- Capital: Bobo-Dioulasso
- Common languages: Dyula
- Religion: Islam
- Historical era: Postclassical Era
- • Established: 1714
- • Established independence from Kong Empire: 1740
- • French colonial control: 1897
| Preceded by | Succeeded by |
| / Kong Empire | French West Africa / |
- Today part of: Burkina Faso

= Gwiriko =

The Gwiriko Kingdom (Dyula: Masaya Gwiriko), also spelled Gouiriko, was a kingdom in the 18th and 19th centuries in what is now part of present-day Burkina Faso around the watershed of the River Banifin. It was founded by Famagan Ouattara (Wattara) and lasted until French occupation in 1897. Its chief city was Bobo-Dioulasso.

==Historiography==
The nature of the Gwiriko polity is debated by historians. Juula elders in the region do not retain a historical tradition of any kingdom of that name, yet since its inclusion in Dominique Traore's 1937 paper 'Notes sur le royaume mandingue de Bobo' it has appeared in numerous historians' accounts. The early history of this kingdom is also recorded in the Ghunja Chronicle (Kitab al-Ghunja).

The word "Gwiriko" and its variant "Gbirinko" mean "at the end of the long stage", or alternatively "beyond the forest", in the Dyula language. The term, therefore, may have been a term for the remote lands far from the center of Ouattara power in Kong rather than denoting a specific territory.

==History==
In the early 18th century, Sékou Ouattara took control of the city of Kong and expanded his influence, creating the Kong Empire. In about 1714, Seku's brother Famagan Ouattara established the Kingdom of Gwiriko in the bend of the Mouhoun River, acting as a representative of Seku but with a high degree of independence. At Seku's death around 1740, Famagah refused to pay allegiance to Sekou Ouattara's sons and seized the area which included Tiefo, Dafin, and Bwamu. He allied with the Bobo-Juula, and established a state. His successors faced repeated revolts which were put down by violent repression.
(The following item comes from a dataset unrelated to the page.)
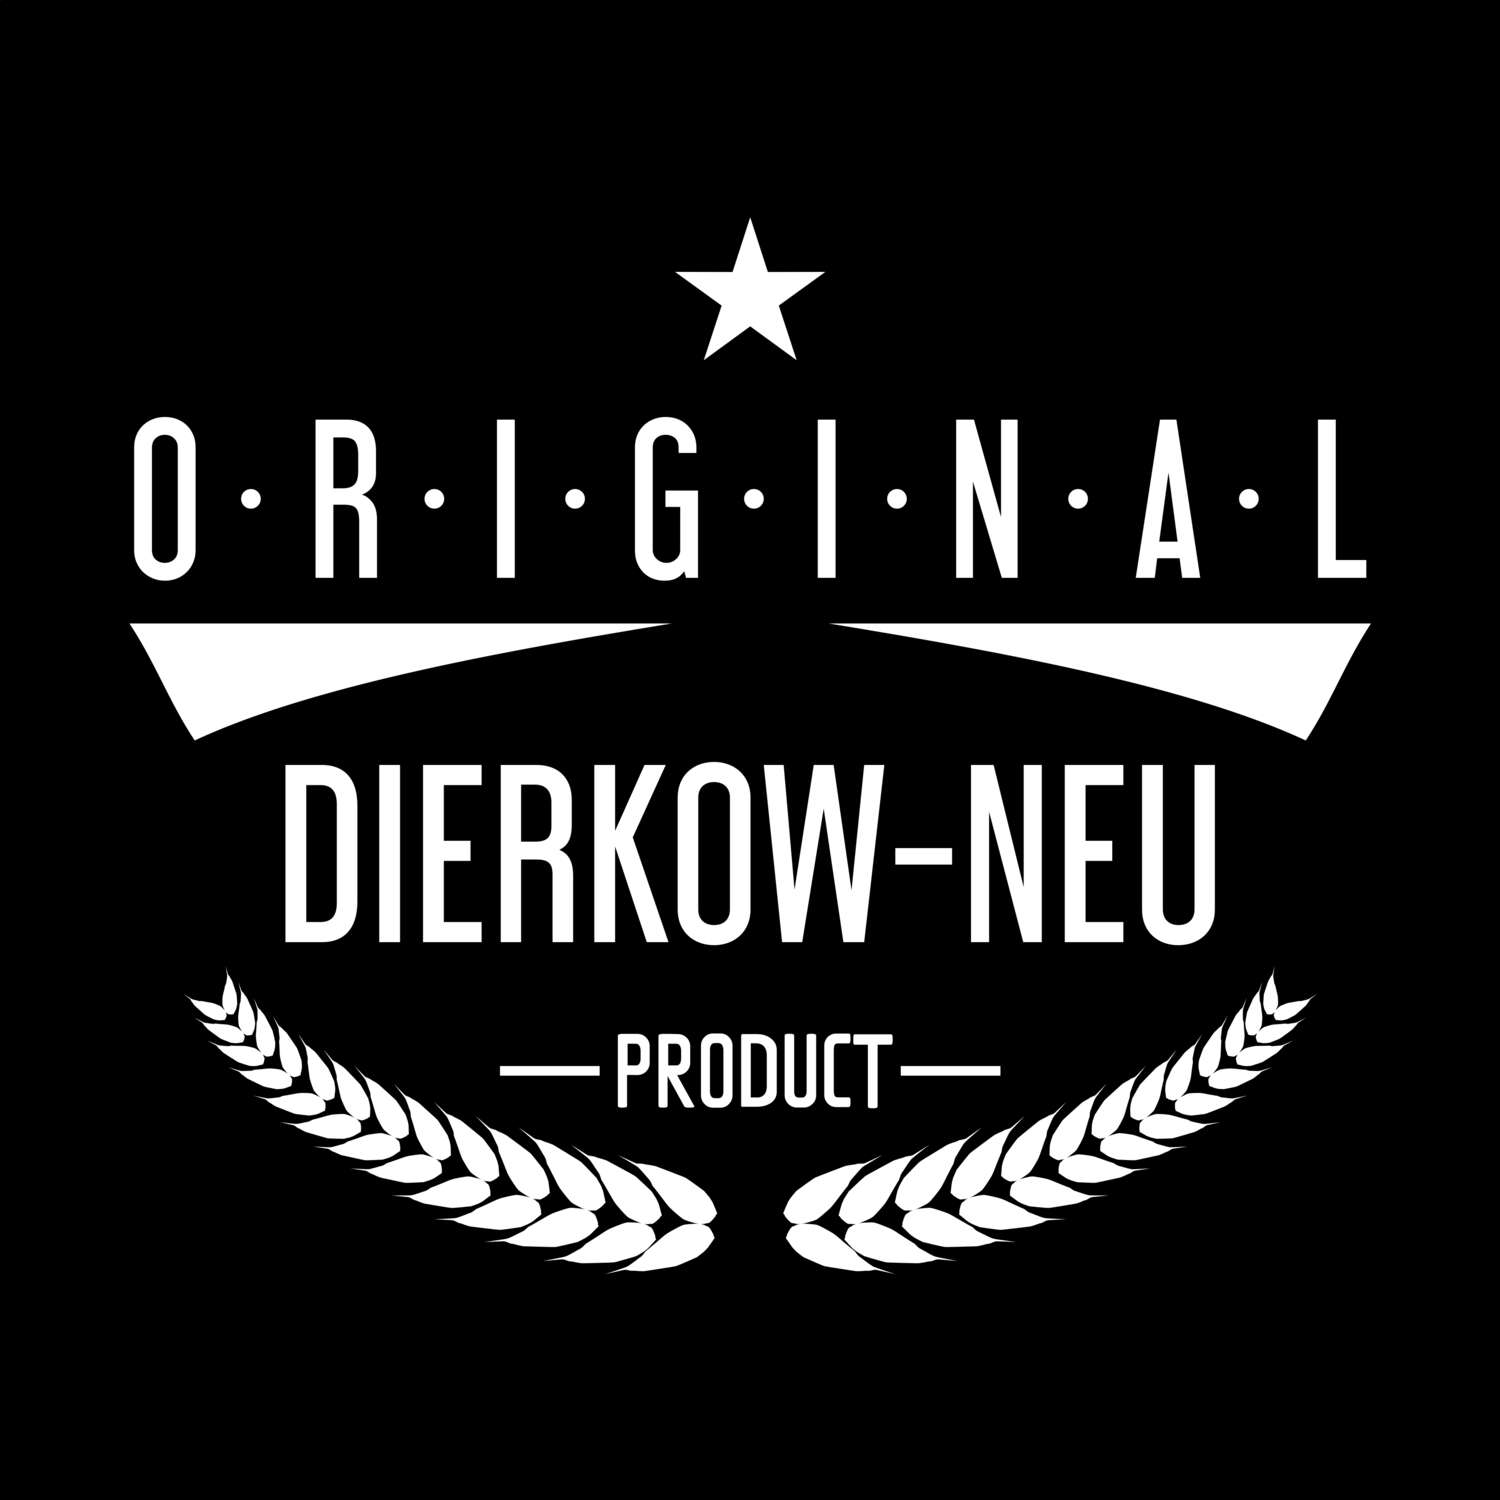 Dierkow-Neu T-Shirt »Original Product«

After the succeeding leader, Diori Ouattara, died in 1839, the state collapsed, and the Tiefo, Bobo Joola, Bolon, and other peoples became independent. Bako Moru stemmed the collapse by allying with the Tiéfo and Bobo Joola. In a battle at Bléni in the 1860s, the army of faama Daula Traoré of Kenedougou was defeated and his son Tieba was captured and later sold as a slave.

Guimbe Ouattara (c 1836–1919), daughter of Diori Ouattara, was a noted leader in campaigns against the Kénédougou Kingdom and Noumoudara in this era.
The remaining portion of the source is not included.